This was a television comedy film made by John Cleese between stints in Fawlty Towers, except he didn't make it for the BBC, he went to the other side and offered it to ITV. This was really the brainchild of seasoned Brit comedy creator Joseph McGrath and Jack Hobbs, and as you may have guessed from the name of the villain, conducted its business as that old standby, the Sherlock Holmes spoof, with Cleese in the role of the famed sleuth. Only he wasn't really, as what he was playing was a descendant of the detective.

You can tell that by the fact this was set in 1975, even though it was broadcast in 1977, presuming that if civilisation had ended then the audience would know about it by then. The skits before Cleese showed up were pretty obvious stuff, making fun of various foreigners in the British manner, but once he appeared the tone brightened considerably, assisted by a neat double act with his Dr Watson, Arthur Lowe.

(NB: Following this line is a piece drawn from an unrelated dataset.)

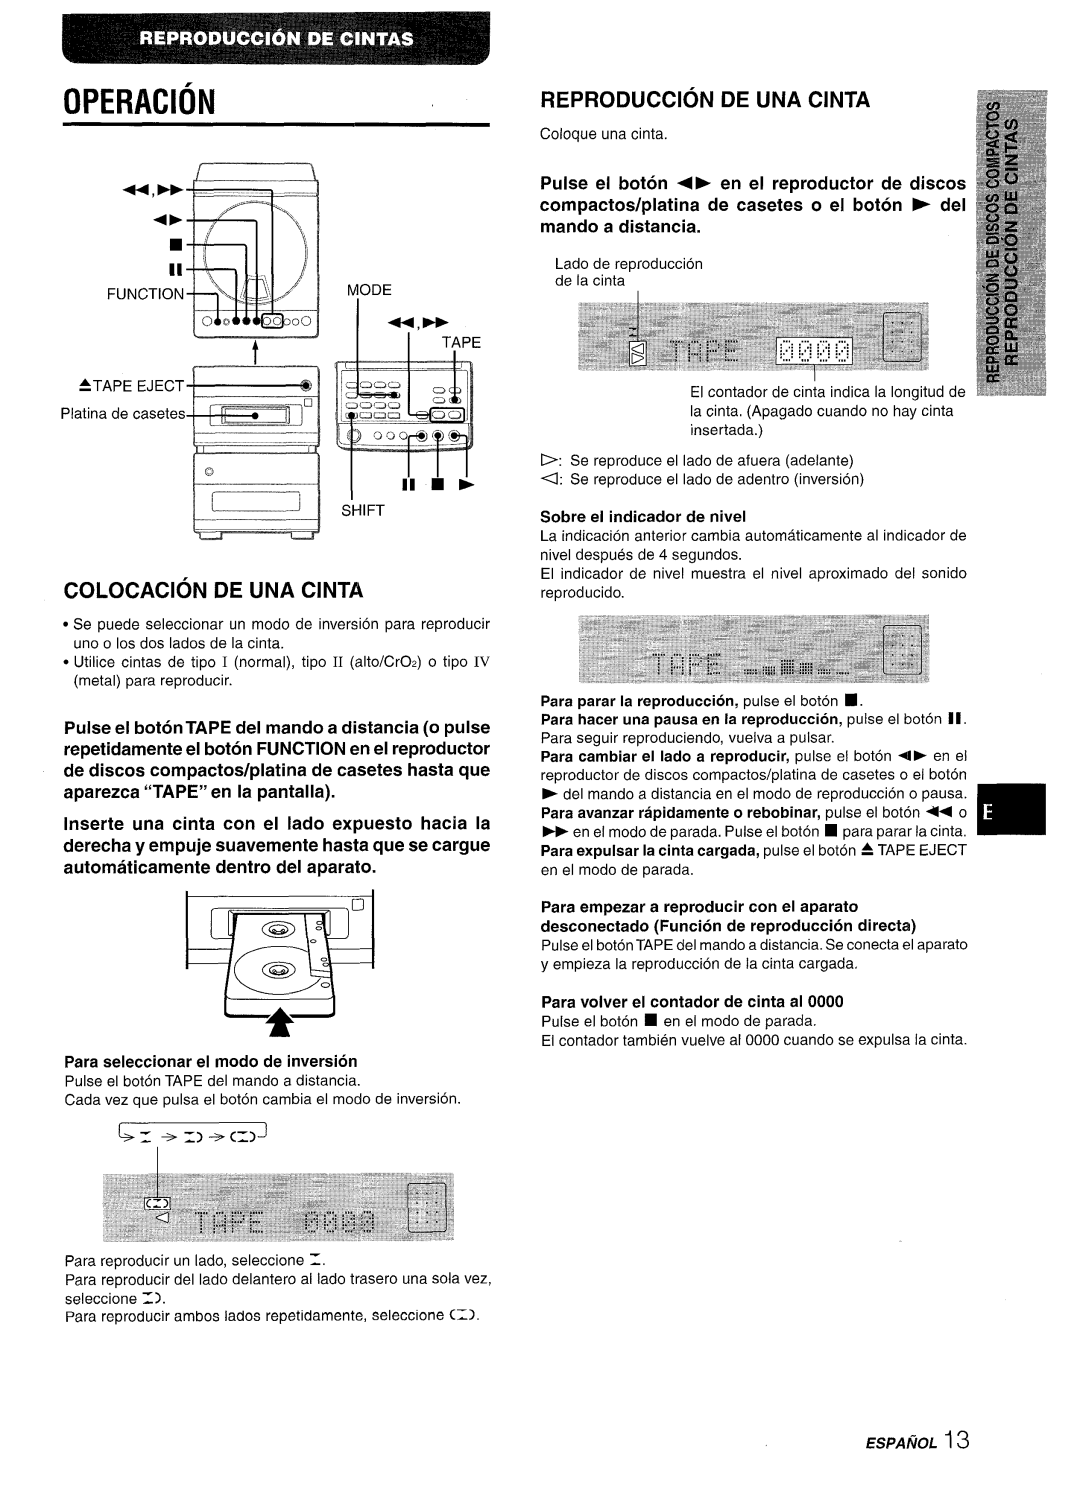 Aiwa XR-M88 manual COLOCACION DE UNA ClNT/i, Reproduction De Una Cinta, automaticamente dentro del aparato, Operacion

Bits of comic insanity included Watson actually being bionic, complete with Six Million Dollar Man sound effects, although as we discover that will only take a hero so far.

Stratford Johns played the man from Scotland Yard - complete with caption announcing him as such - who visits Holmes and after a scuffle where the investigator thinks that he is an intruder and tries to incapacitate him (failing) the facts of the case can be laid out. If for a good portion of the running time you might be thinking this is exhibiting an all-too-typical seventies desperation to secure laughs, and actually isn't doing that too well, then you're rewarded with an unexpectedly decent item of ludicrousness that does tickle the funny bone.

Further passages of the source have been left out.